The reported sales for the Americas segment benefited from the contribution from the Kylie Jenner joint venture, with Q2 sales consistent with Q1. The Americas segment generated a reported operating income of $31.6 million in 2Q21, compared to a reported operating income of $21.5 million in the prior year. The 2Q21 adjusted operating income was $56.9 million, up from $34.2 million in the prior year, driven by close management of marketing investment and strong fixed cost reduction more than offsetting the sales decline. The adjusted operating margin was 10.5% versus 5.9% in the prior year.
In 2Q21, EMEA net revenues of $708.9 million, or 50% of total Coty continuing operations, declined by 21.9% versus the prior year. On a LFL basis, EMEA net revenues declined 24.8%. While the LFL was pressured, sales trends remained consistent with Q1, despite a second wave of COVID-19 and multiple market lockdowns impacting the region exiting Q2.
In the prestige fragrance business, Coty continued to see strong performances of recent launches including Marc Jacobs Perfect, Hugo Boss Alive, and Hugo Boss Bottled. Marc Jacobs Perfect continued to be the #1 prestige fragrance launch in the U.K. for CY20, supporting market share growth for the overall brand.

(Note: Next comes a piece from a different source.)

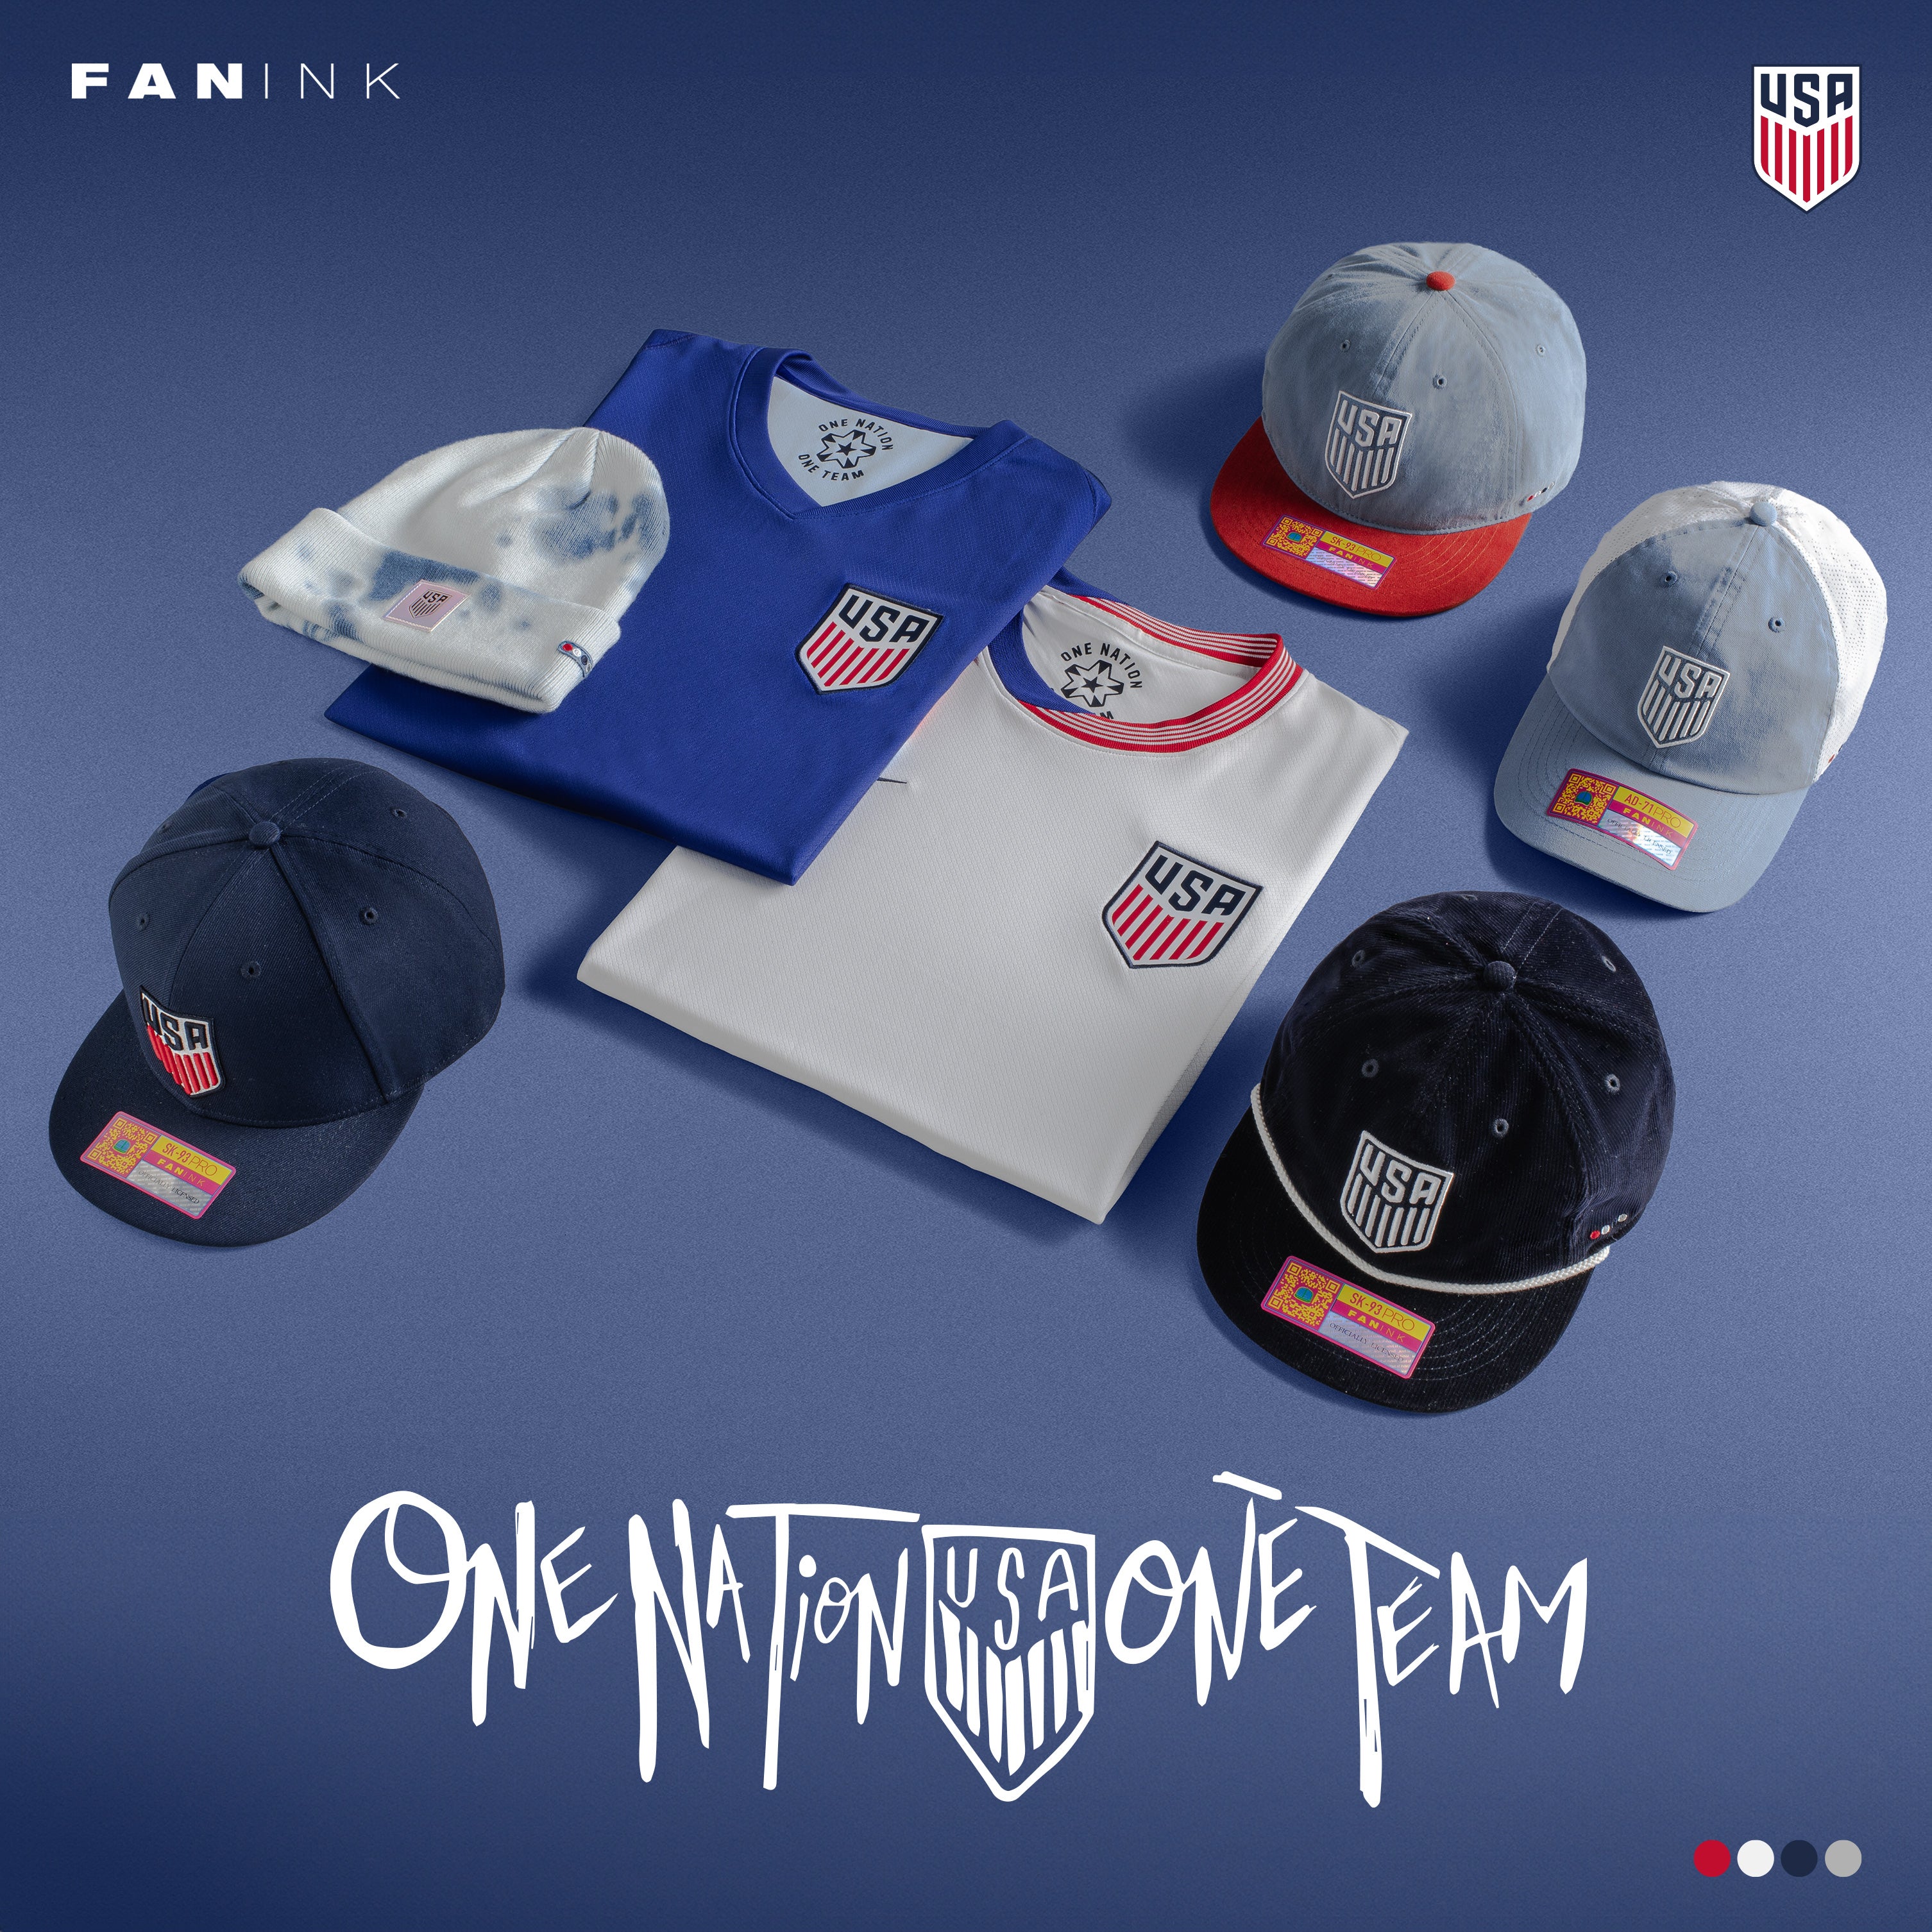 A Collection of hats and USA Jerseys and the tagline One Nation USA One Team written at the bottom

Hugo Boss Alive saw great performance as the #1 fragrance launch in Germany in CY20, and contributing to double digit sell-out growth for Hugo Boss female fragrances in the U.K. In Coty’s mass beauty business, Rimmel grew market share in the U.K., its top market, as well as Italy, Poland, and Spain, aided by the strong consumer reception to its Lasting Finish 25H foundation relaunch. Meanwhile, Sally Hansen gained share across the region, driven by market share growth in the U.K., Italy, and France.
2Q21 EMEA e-commerce sales grew approximately 30%, driving e-commerce penetration as a percentage of sales to the mid-20s percentage level, with strong growth in both prestige and mass.

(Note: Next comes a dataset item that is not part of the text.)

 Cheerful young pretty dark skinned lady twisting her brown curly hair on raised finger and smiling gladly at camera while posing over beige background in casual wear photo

Reported operating income was $88.0 million in 2Q21 versus reported operating income of $98.9 million in the prior year. The 2Q21 adjusted operating income of $118.4 million declined from $130.7 million in the prior year, driven by the lower sales, partially offset by controlled marketing spend and solid fixed cost reductions. For 2Q21, the adjusted operating margin rose to 16.7% from 14.4% in the prior year.
2Q21 Asia Pacific net revenues of $167.2 million, or 12% of total Coty continuing operations, decreased 13.9% on a reported basis and declined 17.2% LFL. Similar to last quarter, the bulk of the LFL decline was due to continued significant pressure in the travel retail channel, and to a lesser extent, the continued active reduction of sales to low value channels. Despite these headwinds, LFL trends showed a meaningful sequential improvement from Q1. Of note, Coty’s prestige business recorded high single digit sell-out growth in the region, fueled by both brick & mortar and online.

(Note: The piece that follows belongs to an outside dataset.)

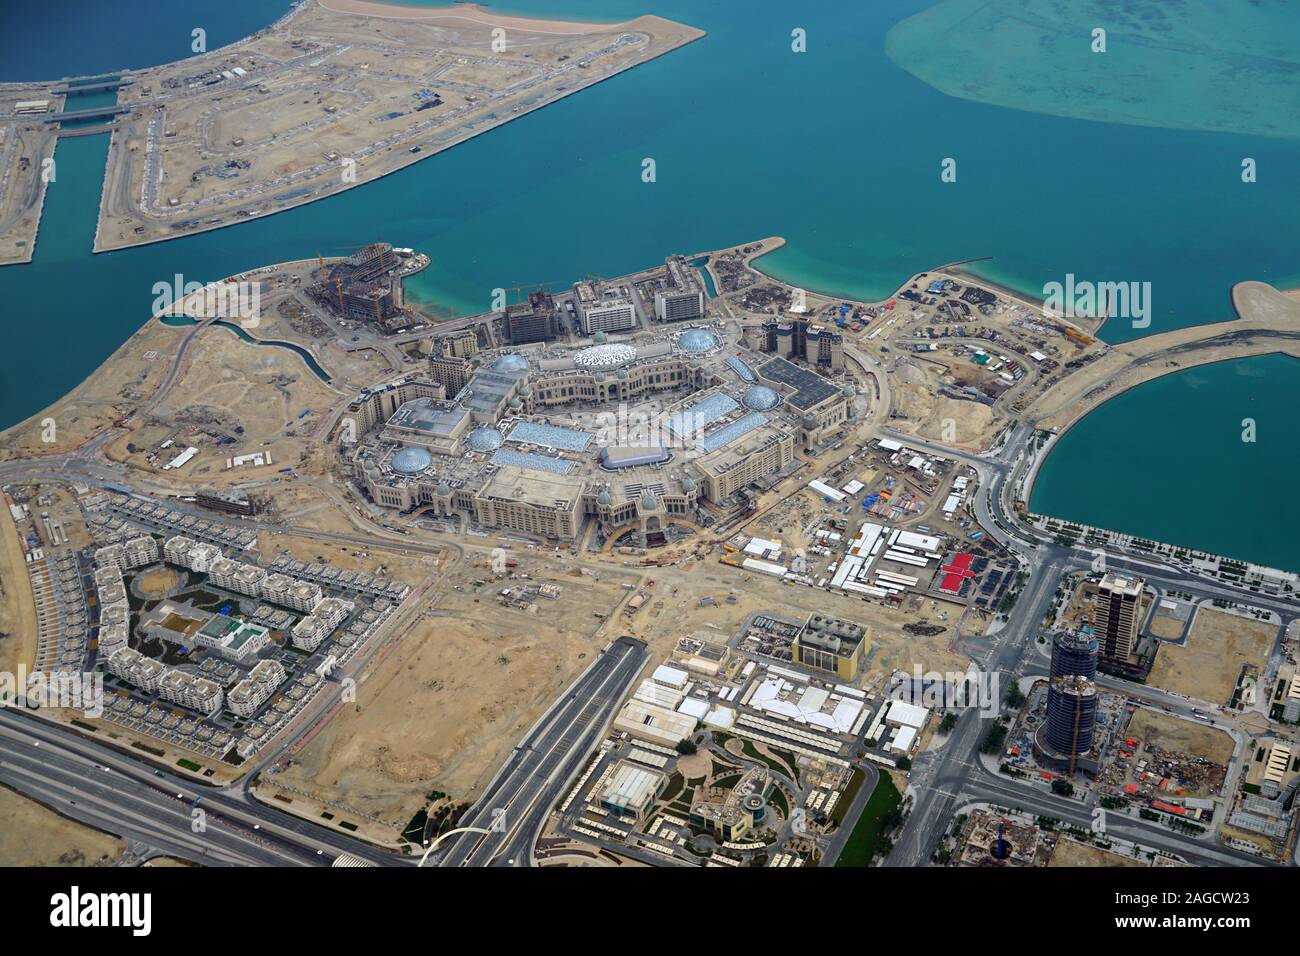 DOHA, QATAR -13 DEC 2019- Aerial view of the construction of the Place

In China, sell-out trends for its prestige beauty brands in both brick & mortar and e-commerce remained strong, particularly in Gucci and Burberry. During the quarter, the company continued see momentum in Gucci and Burberry’s prestige cosmetics businesses, with Burberry make-up sell-out up 48% and Gucci make-up sell-out up over 400%. In fact, Gucci make-up ranked the #2 make-up brand among all beauty brands in social business, WeChat.
E-commerce sell-out in the region continued to grow solidly, particularly in prestige with over 20% growth, partially tempered by continued proactive reduction of low value sales.
Reported operating income in 2Q21 of $6.4 million increased from reported operating income of $5.6 million in the prior year. The 2Q21 adjusted operating income of $12.5 million rose from $11.8 million in the prior year, driven by reduced fixed costs and lower marketing investments. The 2Q21 adjusted operating margin of 7.5% increased from 6.1% in the prior year.